Caribbean research at Essex


The University has always been committed to the study of America and now researchers from Literature, Film, and Theatre Studies are planning to further this with research on the middle part of this continent which is often overlooked - the Caribbean.

The Department's Professor Peter Hulme explains: 'We are looking at the 'American Tropics', an extended Caribbean which includes the southern USA and northern South America. European colonial powers fought intensively here against indigenous populations, and against each other, for control of land and resources. The vast majority of African slaves were shipped here, endowing the region with a cultural inheritance that all the nations involved are still trying to comprehend. The imaginative space of the American Tropics offers a differently-centred literary history from those conventionally produced as US, Caribbean, or Latin American literature.'

'This project approaches literary history via literary geography, as it focuses on a number of key places which have been nodal points for the production of writing, taking these as case studies, such as Oriente (Cuba), New Orleans, the Haiti-Dominican Republic border, and Colón (Panama). Each place is a zone of encounter, bringing together sets of writing in different languages and styles, from different literary and cultural backgrounds, all of which have in common that attention to the same place.'

The project, which involves four researchers and two PhD students from the University, will require archival research, extensive reading and the discussion of preliminary ideas informally, then through conferences. These will initially be local Essex seminars and then national conferences, like the Society for Caribbean Studies, in 2007 and 2010. In 2008 researchers will attend a two-day national colloquium that brings together other British-based scholars working on similar projects and there is a three day international conference in 2009 to further explore the project’s themes and broaden its geographical remit.
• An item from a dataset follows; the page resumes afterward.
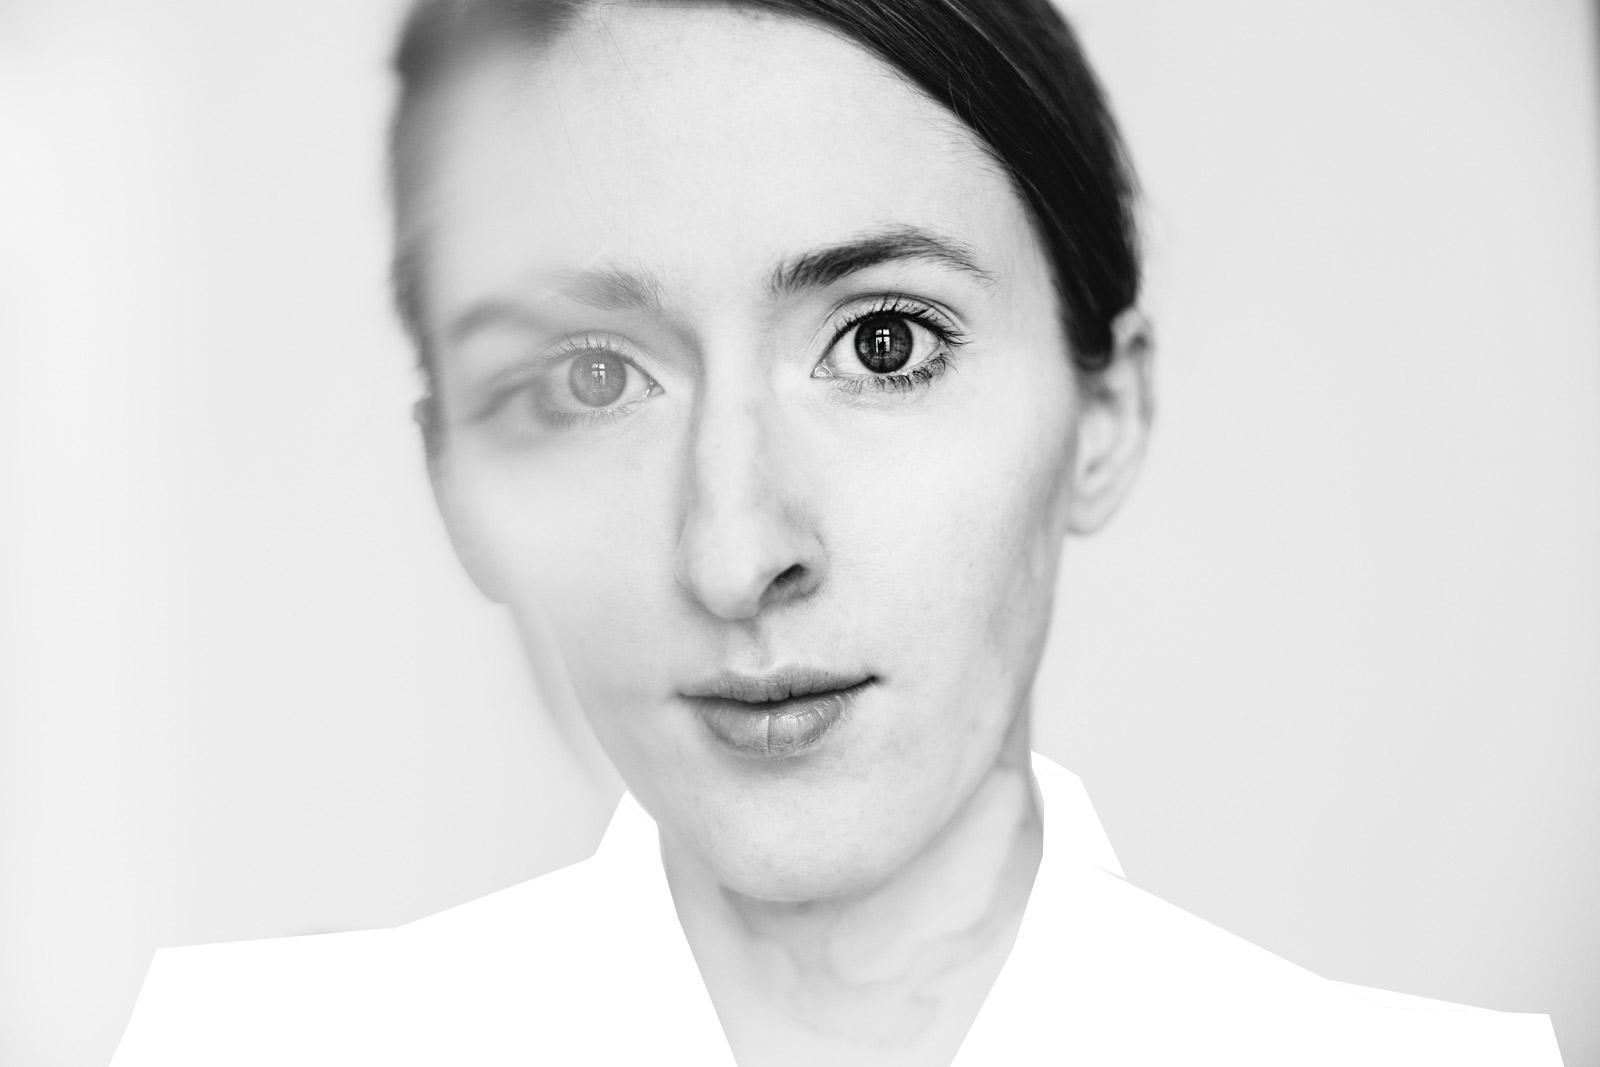 May 2019 Self Portrait

The benefits of sustainable agriculture

Scientists at the University have shown that sustainable agriculture can preserve environmental services as well as improve crop yields in a report published this month.

Resource-Conserving Agriculture Increases Yields in Developing Countries by Professor Jules Pretty and colleagues in the Department of Biological Sciences, is possibly the largest-ever analysis of sustainable agriculture in developing countries.

Sustainable methods being used by a farmer in Cambodia

Sustainable methods being used by a farmer in Cambodia

Published in Environmental Science and Technology journal, the report concludes that sustainable techniques improves farmers’ lives by increasing crop yields and preserving the local environment. The authors prove that techniques such as crop rotation, organic farming and genetically modified seeds can increase yields by an average of 79 per cent.

The research team examined 286 completed and ongoing farming projects in 57 different countries. Using questionnaires and published reports, they analysed 218 projects and then revisited 68 of them after four years. Using such techniques, farmers have reduced pesticide use and increased the efficiency of water use and carbon sequestration. The authors state that 'whilst it is uncertain whether these approaches can meet future food need, there are grounds for cautious optimism, particularly as poor farm households benefit more from their adoption.'

For the benefit of the tape

While police investigate crime, a PhD student from Sociology has been doing her own investigations into police interviews, by undertaking research on the interaction between police and suspects at this time.

Elisabeth Carter has been using conversation analysis to examine this relatively unexplored area. Her research has looked at the use of certain phenomenon on the part of both the suspect and the office in an interview, like latching and overlapping speech.

Elisabeth explains: 'Latching is when the end of one person's speech coincides with the beginning of another's but without an overlap or gap. In a police interview, for example, this means the suspect’s answer is produced so quickly that it is latched onto the officer’s question. My research showed that latching is used to quicken the pace of an interview to ease stress (by the suspect) or to increase stress (by the officer) and if it isn’t successful then overlaps start to occur.'

'Overlapping is the same as an interruption except both speakers continue to talk over each other. This is particularly interesting in a police interview, as research shows both suspect and officer display overlapping speech although it's usually assumed, due to power relations, that a suspect wouldn’t talk over an officer.'

Elisabeth's research shows that common sense understandings of the police interview, drawn by the public from police shows and the media, have lead to the idea that latching and overlap would not occur in a police interview. However, her investigation found that all participants used these devices on multiple occasions whilst being interviewed.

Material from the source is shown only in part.